* _What the task requires_: For this listing, the lines between the one holding "Gourmend recipe for low fodmap risotto" and the one holding "6.15 carat GIA", inclusive, must be set down exactly.

* _Records supplied_:
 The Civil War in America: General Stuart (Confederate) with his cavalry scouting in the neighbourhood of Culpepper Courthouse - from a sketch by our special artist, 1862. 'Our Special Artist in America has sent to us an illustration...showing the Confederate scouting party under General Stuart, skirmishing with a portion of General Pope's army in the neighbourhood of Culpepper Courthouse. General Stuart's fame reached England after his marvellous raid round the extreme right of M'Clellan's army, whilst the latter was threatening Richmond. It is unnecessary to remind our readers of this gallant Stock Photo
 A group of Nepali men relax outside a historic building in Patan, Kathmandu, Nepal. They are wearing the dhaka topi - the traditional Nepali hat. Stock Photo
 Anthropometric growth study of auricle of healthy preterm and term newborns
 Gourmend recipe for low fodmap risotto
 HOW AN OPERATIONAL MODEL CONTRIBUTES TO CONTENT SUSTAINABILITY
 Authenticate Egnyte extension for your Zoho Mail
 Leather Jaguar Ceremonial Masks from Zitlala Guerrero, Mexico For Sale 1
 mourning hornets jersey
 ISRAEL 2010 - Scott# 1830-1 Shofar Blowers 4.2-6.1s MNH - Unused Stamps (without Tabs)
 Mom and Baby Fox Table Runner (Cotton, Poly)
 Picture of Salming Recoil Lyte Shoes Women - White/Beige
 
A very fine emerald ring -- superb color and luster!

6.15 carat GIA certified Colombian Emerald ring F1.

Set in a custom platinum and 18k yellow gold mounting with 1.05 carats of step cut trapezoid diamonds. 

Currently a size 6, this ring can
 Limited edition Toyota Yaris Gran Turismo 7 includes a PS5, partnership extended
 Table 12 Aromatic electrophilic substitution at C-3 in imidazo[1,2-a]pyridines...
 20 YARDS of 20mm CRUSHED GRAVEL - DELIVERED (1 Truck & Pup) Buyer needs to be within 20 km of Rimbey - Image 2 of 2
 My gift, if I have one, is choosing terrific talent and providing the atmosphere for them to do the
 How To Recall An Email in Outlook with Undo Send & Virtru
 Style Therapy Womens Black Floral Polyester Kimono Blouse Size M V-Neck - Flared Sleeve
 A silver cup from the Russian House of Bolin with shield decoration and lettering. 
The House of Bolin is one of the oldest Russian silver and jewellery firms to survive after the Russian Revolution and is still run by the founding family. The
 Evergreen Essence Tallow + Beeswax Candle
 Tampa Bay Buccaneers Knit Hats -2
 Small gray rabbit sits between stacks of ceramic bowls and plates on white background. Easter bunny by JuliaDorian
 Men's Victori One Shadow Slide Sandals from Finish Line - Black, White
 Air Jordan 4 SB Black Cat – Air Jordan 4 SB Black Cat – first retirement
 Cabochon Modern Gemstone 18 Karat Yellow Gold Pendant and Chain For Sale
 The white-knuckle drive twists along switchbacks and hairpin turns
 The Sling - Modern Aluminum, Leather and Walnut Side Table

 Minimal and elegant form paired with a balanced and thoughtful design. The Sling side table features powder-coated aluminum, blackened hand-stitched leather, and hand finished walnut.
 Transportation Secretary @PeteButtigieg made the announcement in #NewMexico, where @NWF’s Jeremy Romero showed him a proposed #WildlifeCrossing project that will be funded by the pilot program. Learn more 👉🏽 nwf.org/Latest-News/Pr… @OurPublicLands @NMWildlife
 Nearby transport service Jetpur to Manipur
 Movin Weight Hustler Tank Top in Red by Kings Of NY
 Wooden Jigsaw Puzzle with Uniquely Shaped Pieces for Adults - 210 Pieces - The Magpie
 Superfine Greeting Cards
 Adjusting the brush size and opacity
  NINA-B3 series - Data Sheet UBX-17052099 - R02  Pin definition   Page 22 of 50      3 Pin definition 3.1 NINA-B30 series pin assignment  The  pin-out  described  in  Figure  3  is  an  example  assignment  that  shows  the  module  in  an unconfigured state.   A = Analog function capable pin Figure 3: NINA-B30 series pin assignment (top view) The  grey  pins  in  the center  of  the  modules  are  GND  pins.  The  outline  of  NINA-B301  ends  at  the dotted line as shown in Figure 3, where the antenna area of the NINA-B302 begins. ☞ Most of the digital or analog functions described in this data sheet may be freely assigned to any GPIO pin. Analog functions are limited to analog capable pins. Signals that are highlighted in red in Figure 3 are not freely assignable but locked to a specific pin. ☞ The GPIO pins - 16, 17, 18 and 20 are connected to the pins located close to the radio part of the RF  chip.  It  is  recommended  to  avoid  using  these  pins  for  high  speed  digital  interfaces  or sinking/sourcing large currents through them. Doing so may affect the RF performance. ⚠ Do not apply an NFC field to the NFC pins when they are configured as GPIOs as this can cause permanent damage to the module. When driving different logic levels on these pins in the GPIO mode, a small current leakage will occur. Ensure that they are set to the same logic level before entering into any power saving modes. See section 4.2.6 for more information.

* _Answer section_:
 Gourmend recipe for low fodmap risotto
 HOW AN OPERATIONAL MODEL CONTRIBUTES TO CONTENT SUSTAINABILITY
 Authenticate Egnyte extension for your Zoho Mail
 Leather Jaguar Ceremonial Masks from Zitlala Guerrero, Mexico For Sale 1
 mourning hornets jersey
 ISRAEL 2010 - Scott# 1830-1 Shofar Blowers 4.2-6.1s MNH - Unused Stamps (without Tabs)
 Mom and Baby Fox Table Runner (Cotton, Poly)
 Picture of Salming Recoil Lyte Shoes Women - White/Beige
 
A very fine emerald ring -- superb color and luster!

6.15 carat GIA certified Colombian Emerald ring F1.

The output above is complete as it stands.